This is part one of the article. (It is huge, sorry.)
The best way to pinpoint the development of Neuronal Networks to a single research is to cite the article by McCulloch and Pitts, A Logical Calculus of Ideas Immanent in Nervous Activity (1943), an important article that should be browsed by all. Their work is frequently mentioned en passant in introductory courses on neural networks, but few people know well what they actually did, said and thought.
It is important to situate this work within its context. Turing’s famous article containing his machine and formalizing the idea of computation was published in 1936, and Shannon’s master thesis linking electronic circuit design to Boolean logic came in 1937. That was also the period when the first modern computers started to be built. Until then, the most complex computers were differential analysers, such as the one made by Vannevar Bush (1927). Some of the first computers and calculating machines built were the Z machines of Konrad Zuse (1936), the machines by Stibitz (1936), the ABC (1937), the Colossus (1943), the ASCC (1944) and the ENIAC (1944). Notice that many of these inventors did not know of parallel or previous similar researches. For example, I believe only Aiken (ASCC) was aware of the work of Babbage from the previous century.

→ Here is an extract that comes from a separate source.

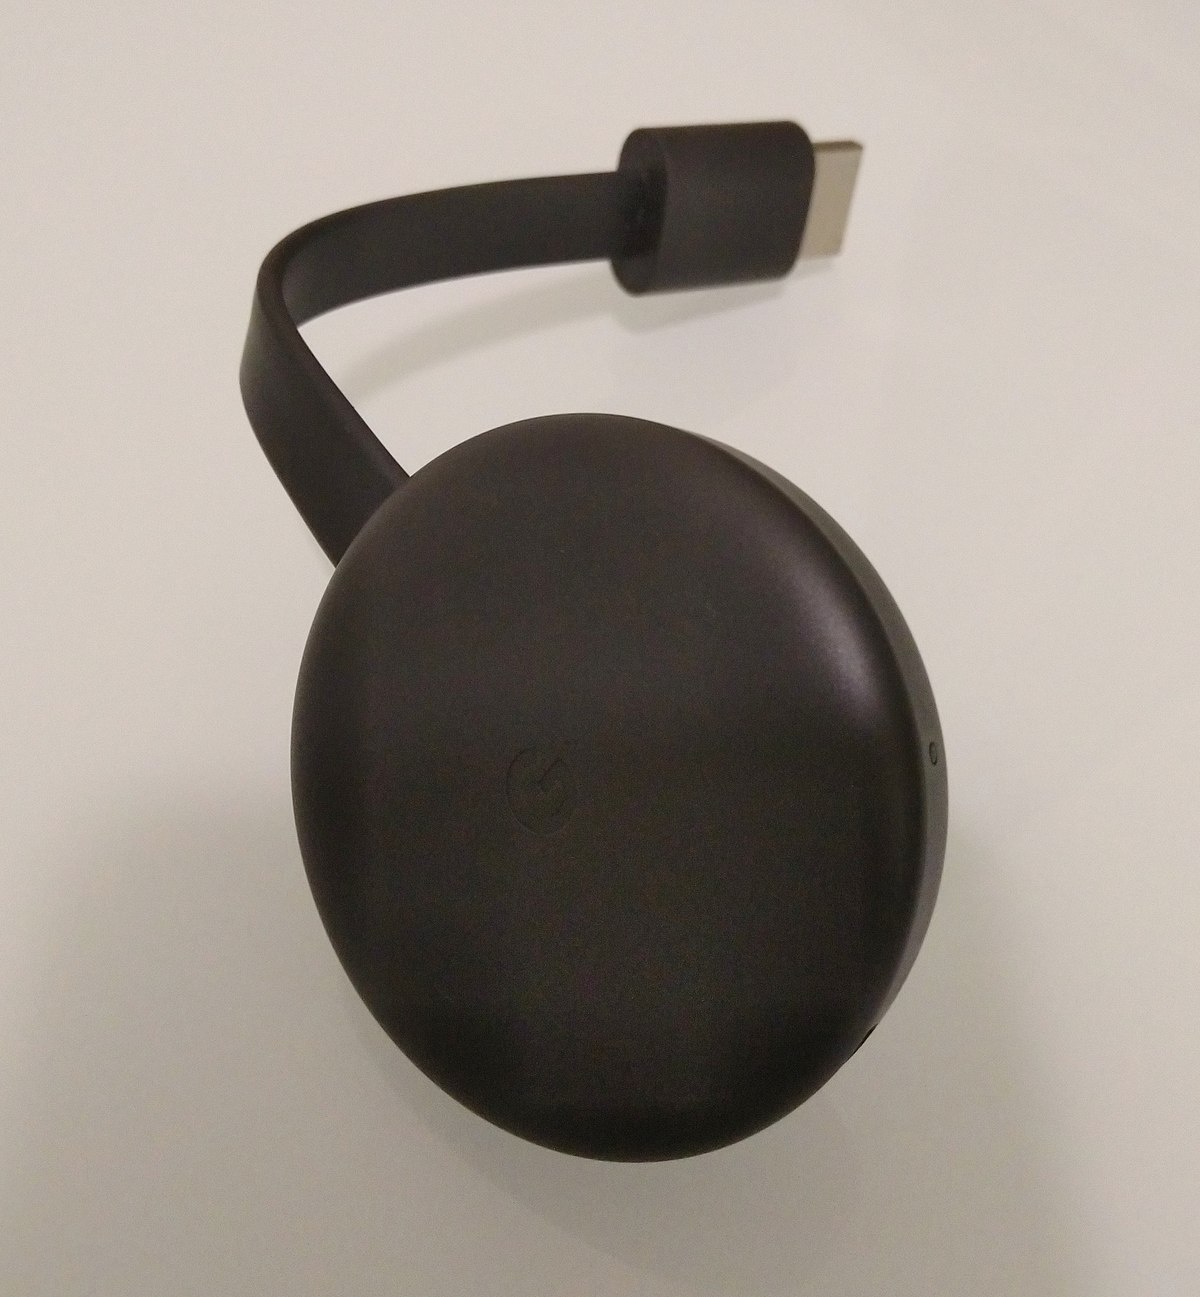 Chromecast - Wikipedia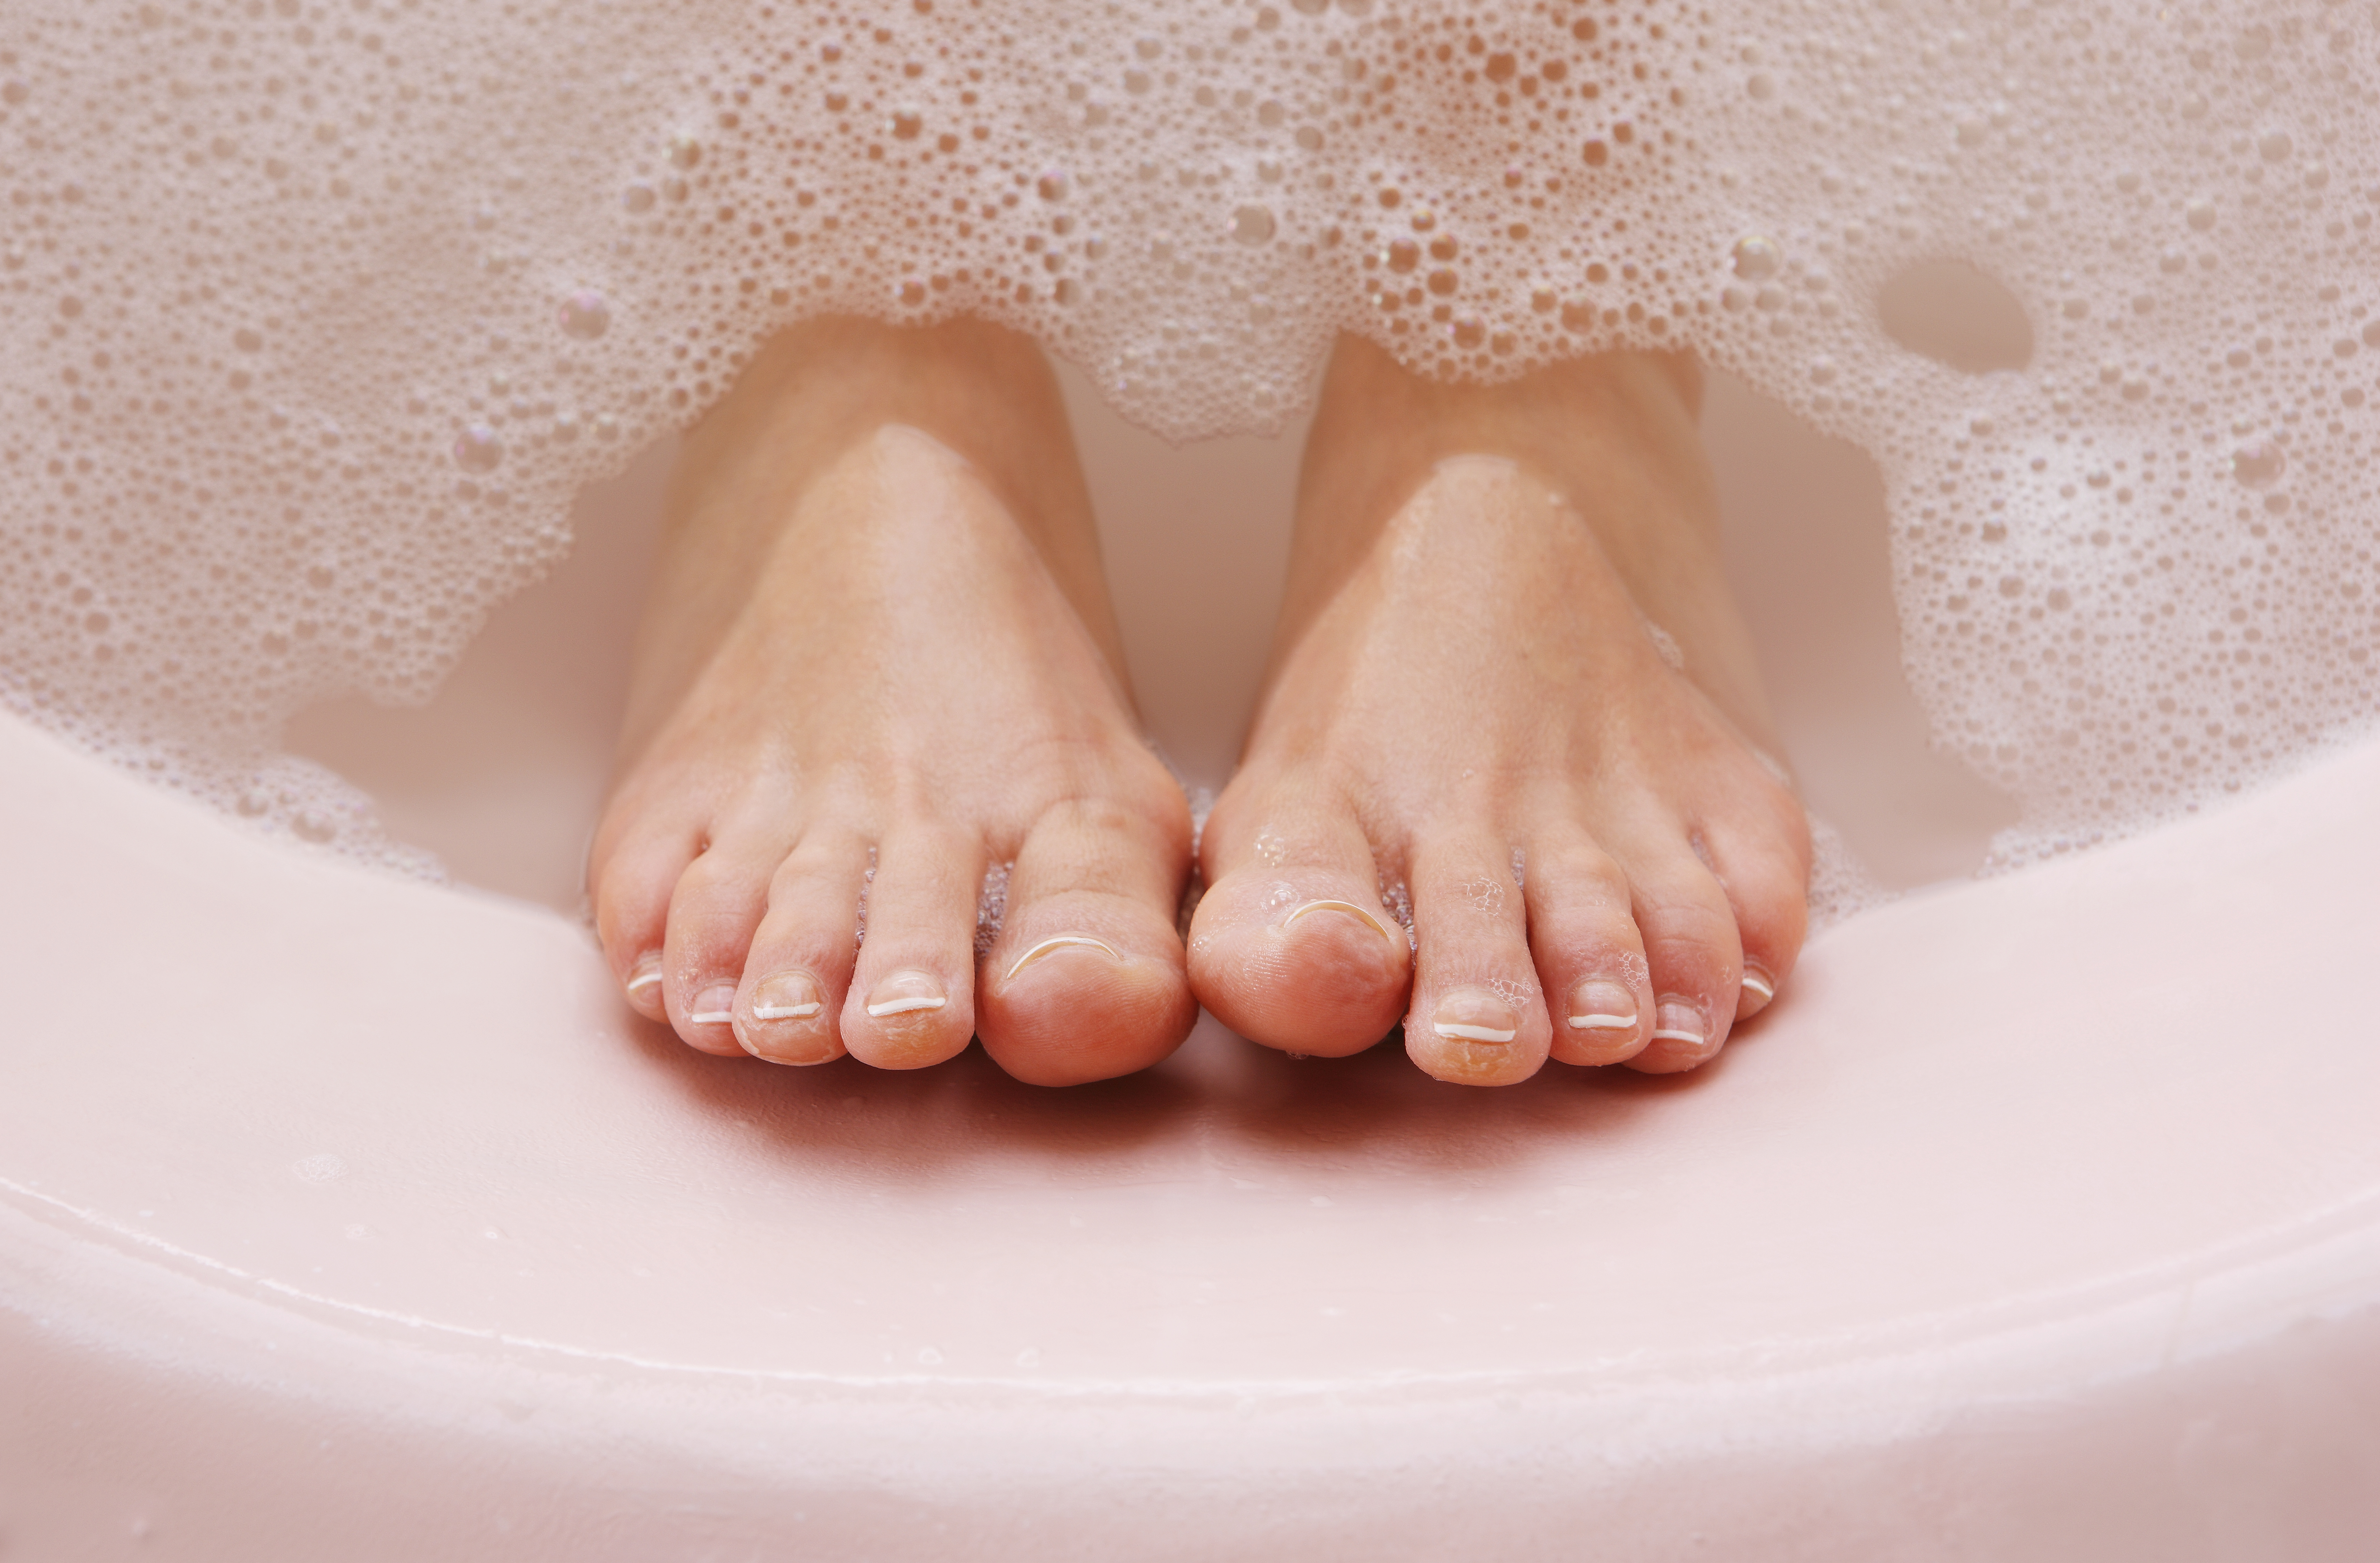 foot bath to get rid of dead skin

Returning to Alan Turing, while his machine is important to help engineers to think about the concept of an automated computing machine, this was not the first reason Turing came up with it, and actually, engineers only started to care about machines being “Turing-complete” more recently (when they do at all). Turing and Alonzo Church were concerned with fundamental questions of mathematics. Their work solved the famous Entscheidungsproblem proposed by Hilbert in 1928, and were also explorations over the 1931 findings of Kurt Gödel, the incompleteness theorems. These mathematical works are related to the development of modern logic.
Logic started to be studied in the classical era, specially by the Greek Aristotle. Leibniz pursued some understandings in the 18th century, and later Boole and De Morgan gave birth to modern symbolic logic. The development continued through the 19th century with thinkers such as Frege, with his book Begriffsschrift in 1879, and Peirce. Peirce’s work was vast, but remained practically unknown for many years, and much of his findings were later rediscovered by others. The research on symbolic logic had its climax with the Vienna School, around the 1920’s, and with the publication of Bertrand Russell and Whitehead’s Principia Mathematica (1910—1913). Russell was the main responsible for the popularization of Frege’s work, and inspired a large number of scientists.
So, computers share some history with logic itself… Now let’s look at neurophysilogy.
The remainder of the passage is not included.